Toles was an American cartoonist and his cartoons originated in the New York Herald. His subjects were the topics of the day ; bicycles, bloomers, cops and bums. The strips, varying from 2, 3, 4, 5 and six panels, contained a population of Irish cops, Irish tramps, Irish cooks, comic ‘darkies’, newspaper vendors, telegraph urchins, cannibals and shoeshine boys.
An officious cop berates passersby in ‘The Bicycle Policeman,’ a single-panel shows 4 tramps and a dog sitting on a wall under the caption ‘Real Roadside Flowers,’ the Climber Brothers from a circus rescue Nellie Golder from a third floor hotel fire by forming a human ladder in ‘A Thrilling Escape.’ Toles must have been enjoying himself hugely, each issue was filled with his cartoons.
December 21, 1895 ‘Christmas Greetings’, a one-panel, pictured the bespectacled artist , one hand on his waist the other on his chin, bent forward, surrounded by a circle of his character types in bubbles, cops, bums, blacks and messenger boys.
Single-panel cartoons by Toles and others also filled the paper’s empty spaces. Wherever there was a blank spot there was a Toles cartoon. He drew animals, pet parrots, alley dogs and hungry cats. Occasionally he drew comics with a jungle background. ’A Suggestion For the Next Bicycle Show’ (TSN) has an Englishman on a bicycle chased by cannibals, (one wearing a flour sack) while the one-panel ‘Football in Darkest Africa’ (TES) had an ostrich who plays football with a lion, tiger, kangaroo, camel, elephant, parrot, rhino, boa constrictor and monkey.
Toles began a series of illustrations that were printed on the front cover. To that point photographs or paintings of well-known personages had the front page. Toles cartoons also appeared in the Toronto Evening Star which would later be responsible for the Canadian Star Weekly, a weekly magazine containing a comic supplement of American comic strips. To this date they had only printed one or two odd crude single-panels.
Toles drew the first caption strip to appear in the paper. His first vertical caption strip was ‘Peeler Ike’s Reward’, January 9, 1896, in which a millionaire is robbed twice in 4 panels. Soon he was joined by Americans Archer, Lucas, W. M. Goodes, and C. A. David. David and Archer had been fellow caption-strippers for Toronto Saturday Night.
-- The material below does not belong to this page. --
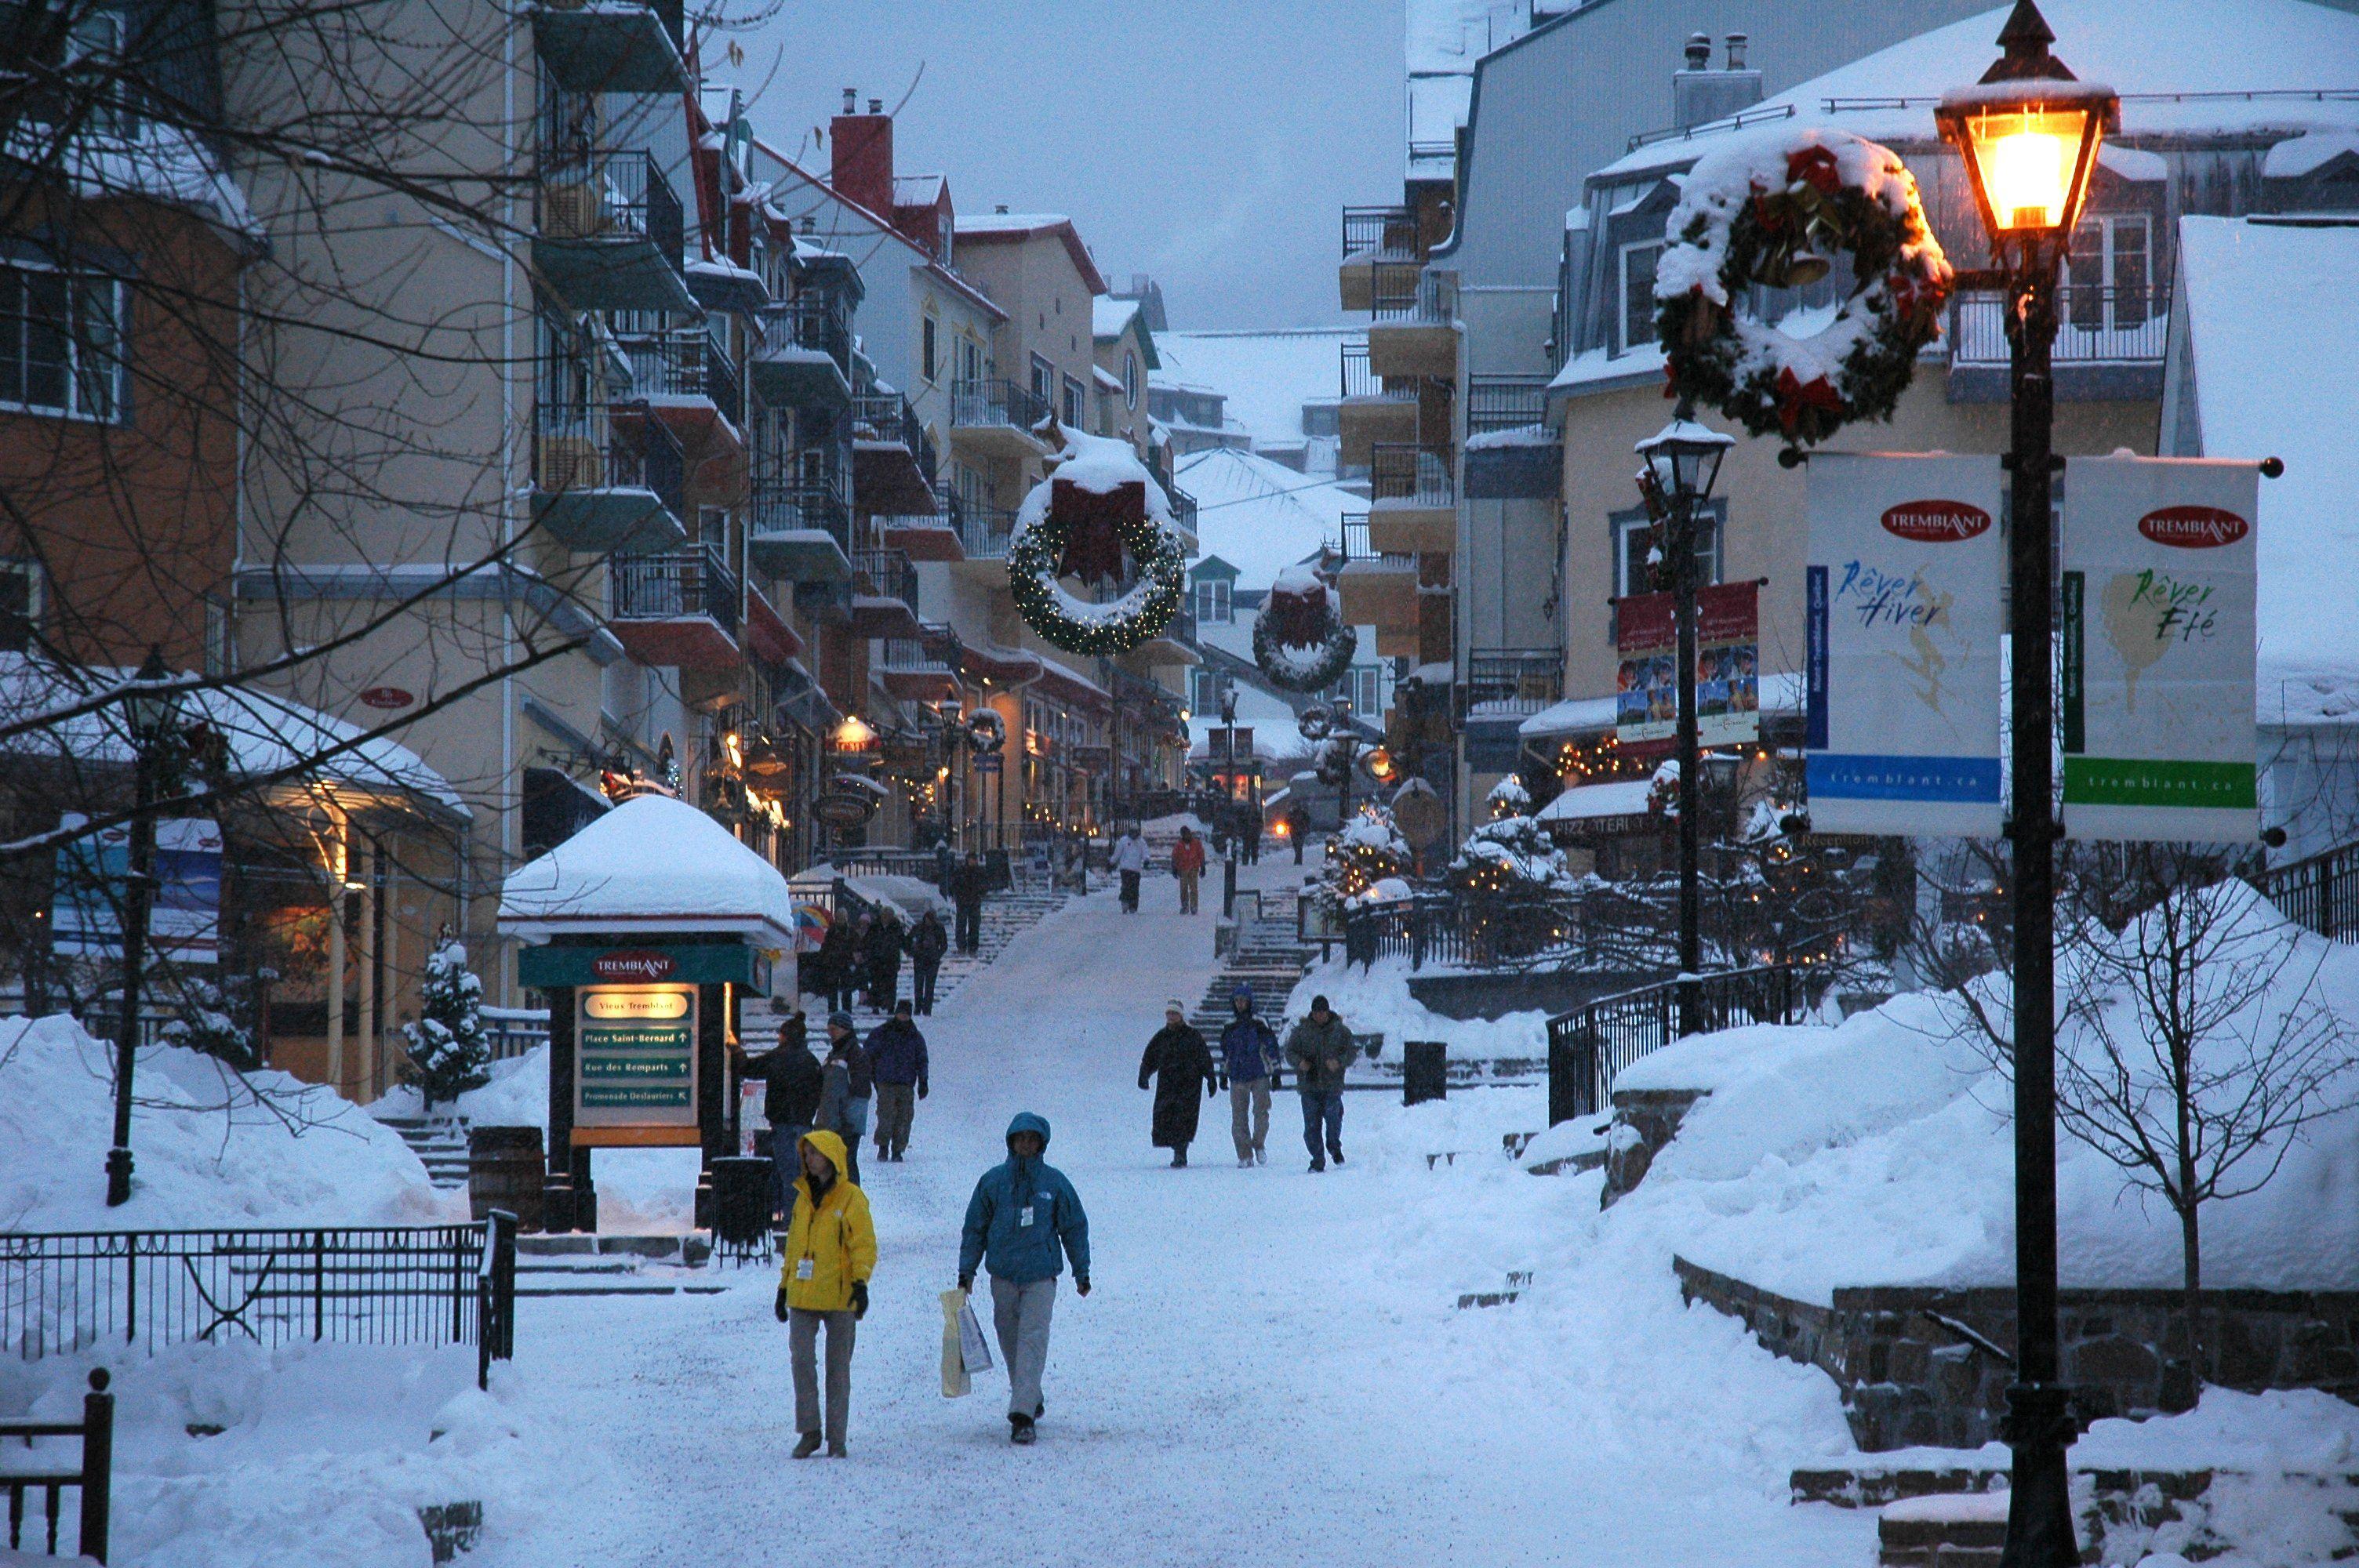 MONT TREMBLANT apres-ski guide

His characters remained the same and again a bucketful of humour appeared until, fittingly, he drew the last cartoon in the Star, a one-panel cartoon featuring coloured people. No more would appear until 1905, when pages of Chips, Funny Wonder, Puck and Life cartoons appeared on humour pages, eventually giving way to the chromo platinum comic strips of Outcault, Dirks and Opper.
Talented Toles produced a large amount of work in a very short period of time. During the 18 months from June, 29, 1895 to December 24, 1896 (the day of his last Toronto Evening Star cartoon) in at least two Toronto papers, a largely unknown and forgotten cartoonist filled every available space he came across with laughter and slapstick.
2 comments:
I was curious if you had any more leads on the life or work of CE Toles. Yesterday, while researching issues of the Portland Oregonian newspaper from 1900 for a comic I'm working on, I happened upon multiple comics and illustrations by CE Toles and was fully intrigued. I found your post while searching for more about him.
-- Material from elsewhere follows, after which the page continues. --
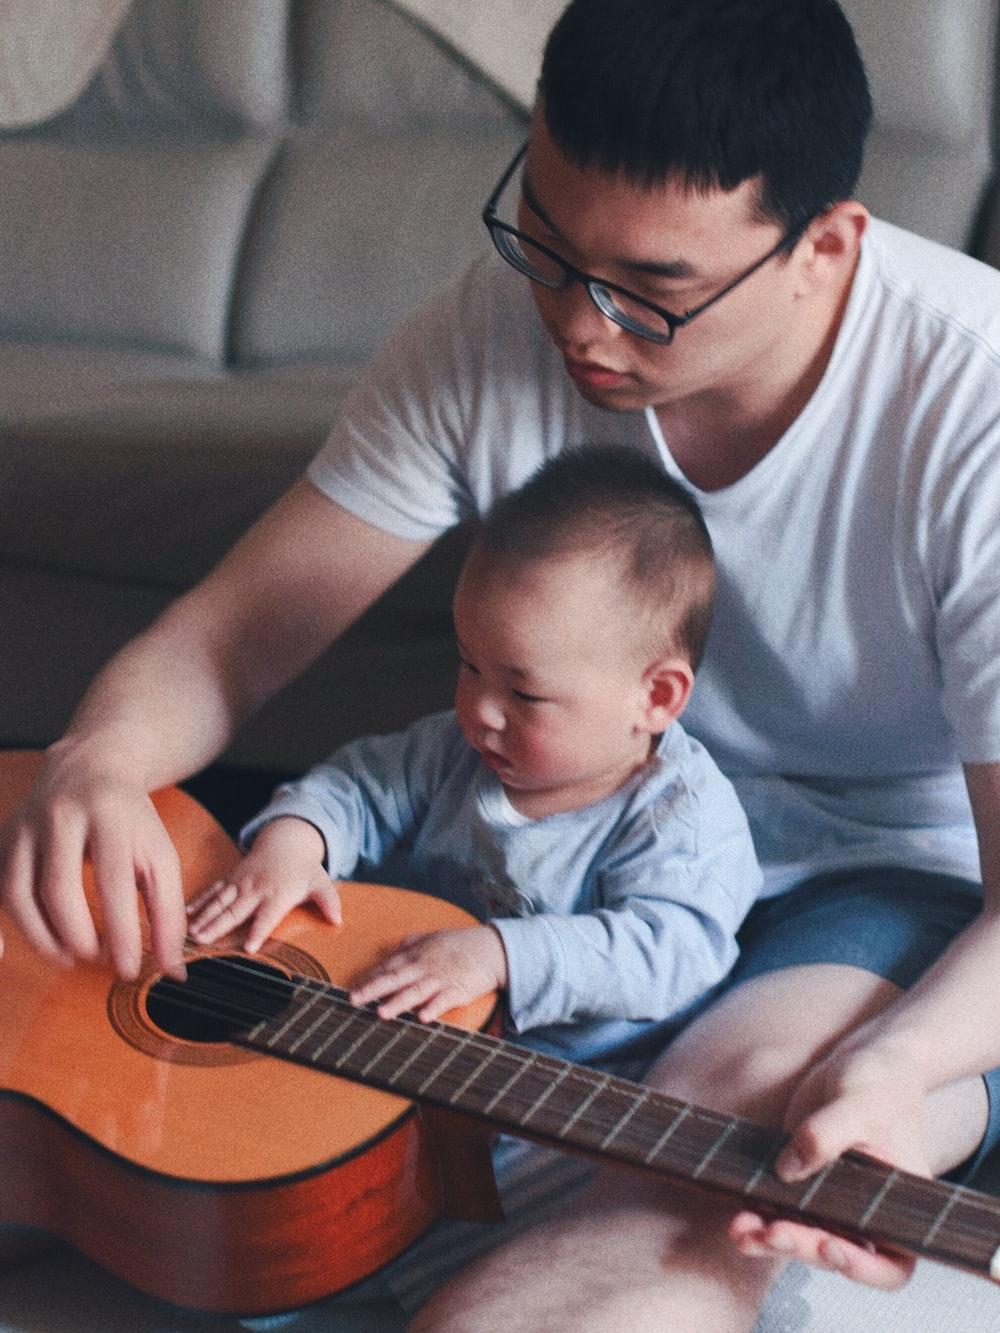 man wearing white crew-neck shirt beside baby holding guitar

I will be posting some of the images I found on my website www.radrobot.org in the next day or so.
I wish I did, Toles work appeared in almost every American and Canadian newspaper of the time and he remains a cipher. The only known fact is that his comics originated in the New York Herald. The New York Times obituaries are usually a good source for cartoonists lives and they never mentioned him. I'll look forward to seeing more Toles on your blog.